Results

Entity Resolution of Healthcare Practitioners for Life Science

Automate data wrangling capabilities and integrate with existing data pipeline process

BUSINESS GOALS:

  • Analyze and compare different technology options to enable data science team to move away from Excel based data munging capabilities to an automated data processing pipeline.
  • Capture data science team’s 80 different excel transformations, calculations, and other rules and make them programmatically executable.
  • Benchmark different technology options based on speed, data accuracy, flexibility.
  • Enhance the current error-prone, tedious, and slow process of entity identification, disambiguation, and linkage of entities that come from more than 4000 data sources.
  • Data science team should be able to use the chosen technology without lot of engineering involvement.
  • Expose the data wrangling capabilities as an API so that the current data pipeline process could invoke it.

CHALLENGES:

  • Choose appropriate data source samples from 4000 that covers different data munging and wrangling needs.
  • Create elaborate pros and cons of different chosen technology options such as R with RServe, GATE NLP with ANNIE, JAPE Plus, Hadoop ecosystem with Pig & UDF, Talend data integration, OpenRefine, and other commercial wrangling tools.
  • Understand and extract the existing excel macros and identify options to create equivalent user defined functions with minimal effort.
  • Choose the technology option and implement 40 excel macros on 100 data sources in less than 3 weeks.
  • Create necessary test suite to validate the chosen PoC output matches with existing process.

THE SOLUTION:

  • Treselle systems’ big data engineering team quickly understood the client’s business goal and suggested the following technologies and integration points:
    1. R programming to do data manipulation, munging, cleansing, transformation, and others.
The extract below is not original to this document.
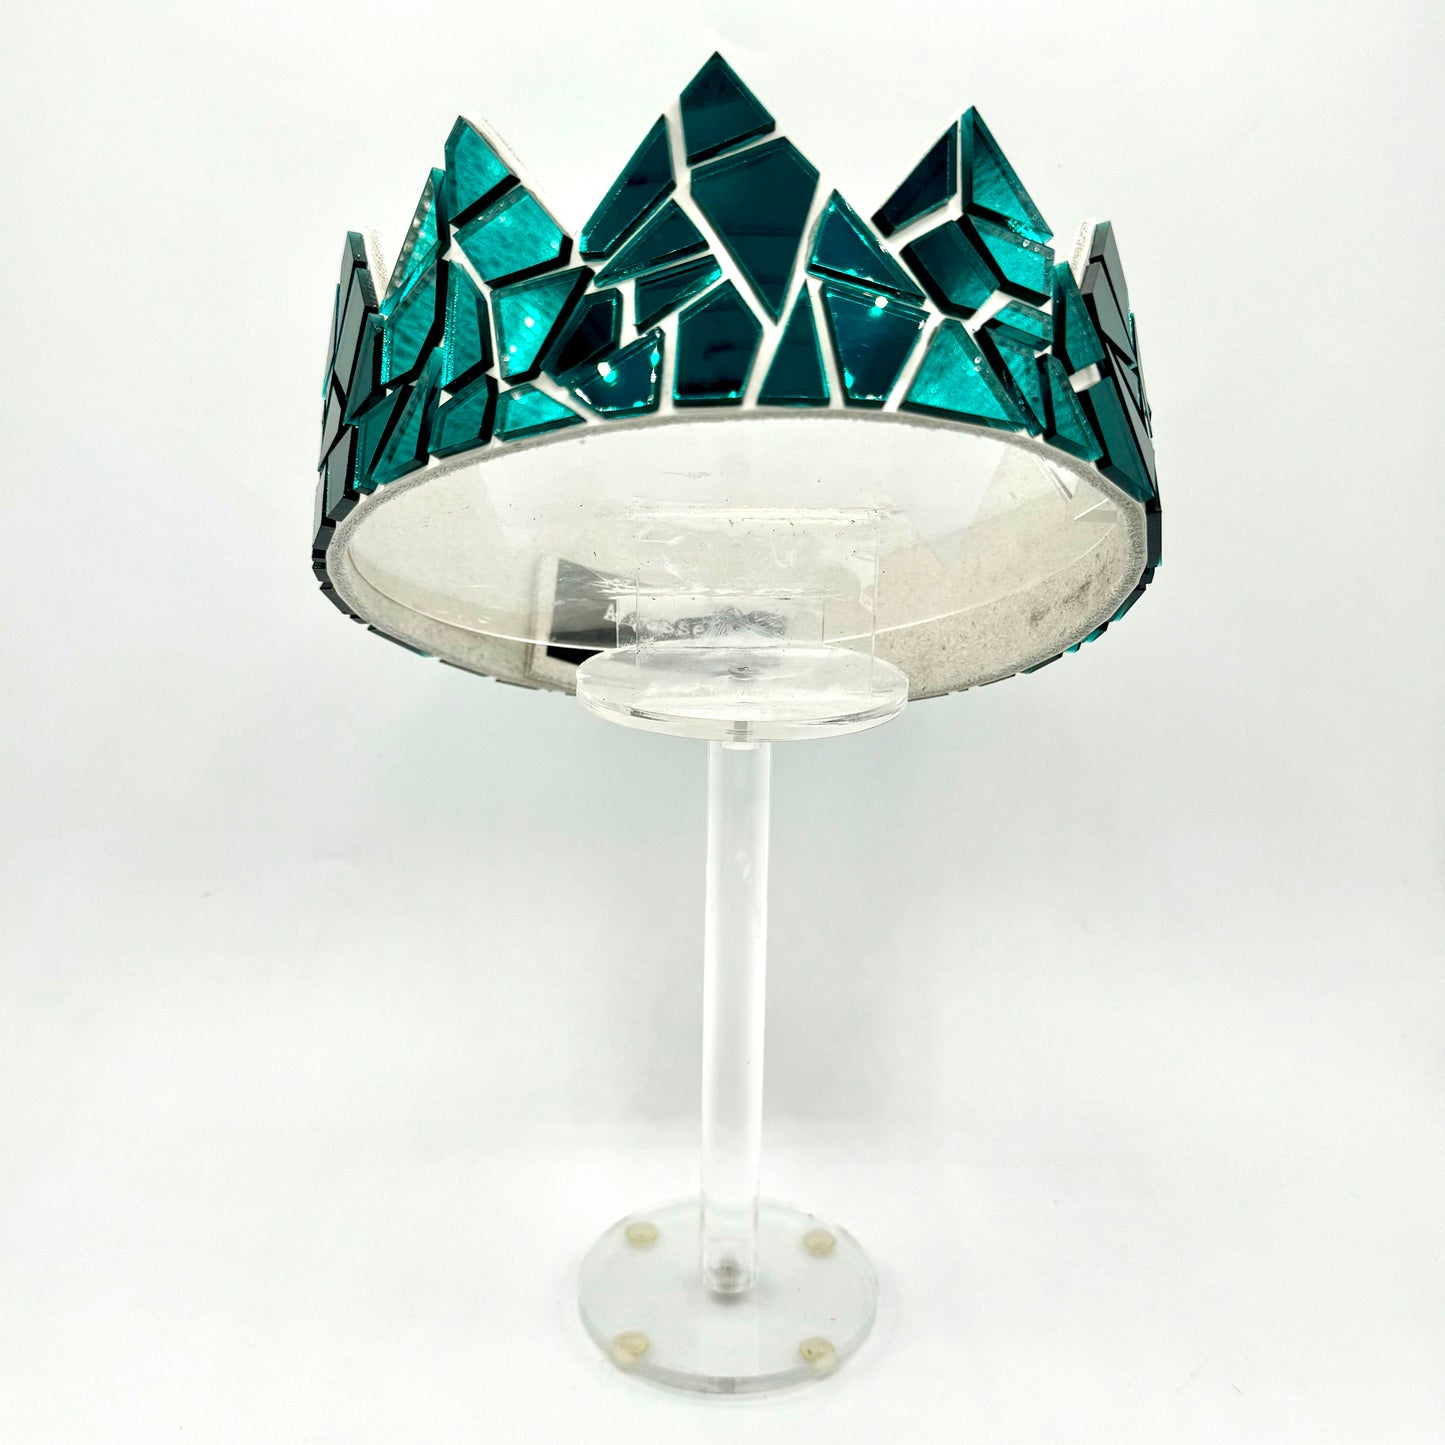 Teal and White Mirror Crown
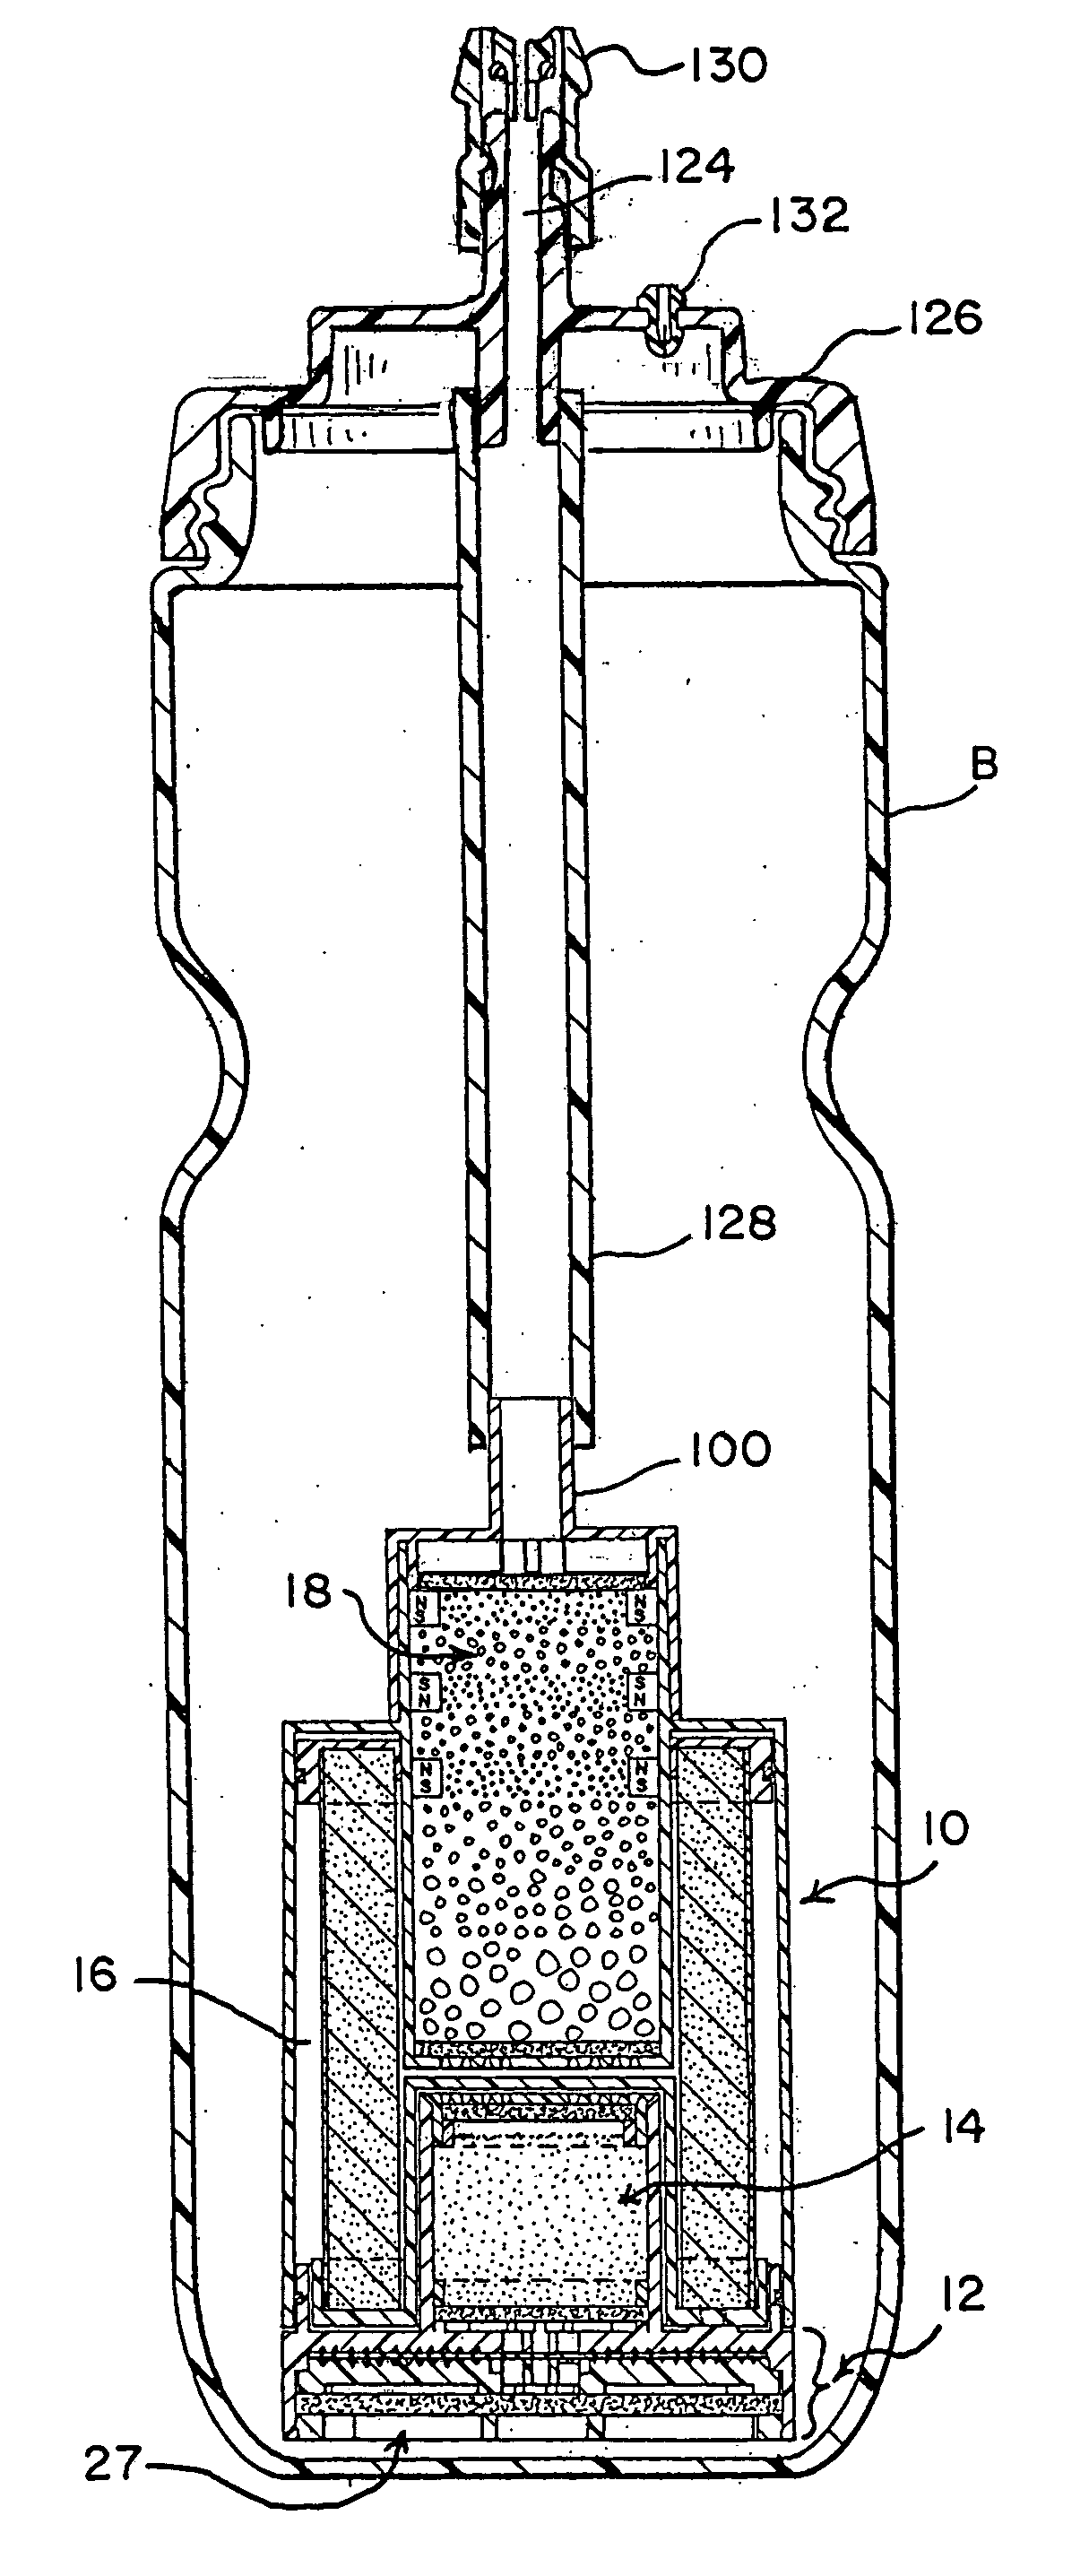 Water treatment unit for bottle or pitcher

Then integrate with existing system via RServe by reusing pre-developed Rscripts in real-time.
    2. GATE (General Architecture for Text Engineering) and utilize ANNIE, JAPE Plus, and over dozen other plugins to perform data manipulation, munging, cleansing, transformation, and others. Then integrate with existing system via Java Plugin Framework in real-time.
    3. Hadoop ecosystem with Pig and other User Defined Functions to do the data transformations in batch-mode.
    4. OpenRefine (formerly Google Refine), which is great at working with messy data out of the box.
    5. Finally, by using bigger products like Talend, Pentaho Data Integration, Paxata, Trifacta, etc…
  • Client’s head of engineering decided to do PoC using OpenRefine as others were little overkill at that point and liked the out of the box capabilities of working with messy data and feels similar to excel.
  • Created JQuery scripts for custom menus and applied new macros using complex GREL that does 3 to 4 data manipulation and transformation steps in one click.
  • Remove unnecessary menu options available in OpenRefine and add new menu options that perform multiple GREL macros in one click.
  • Tracked the web calls between OpenRefine UI and Server using Gattling sniffer and identified the API calls going over the wire. This was helpful to invoke the API calls programmatically from external system to OpenRefine.
  • Created custom Spring based application that performs these API calls to OpenRefine so that previously created macros can be executed programmatically from an external application. This proved that OpenRefine can be integrated with external application or system.
  • Created integration points within OpenRefine so that it can get information from external system for enriching the data using GREL and API calls.
  • Performed many benchmarks to understand the performance and memory behavior of OpenRefine by automating few stress test scenarios with different dataset sizes and applied simple to complex macros on them.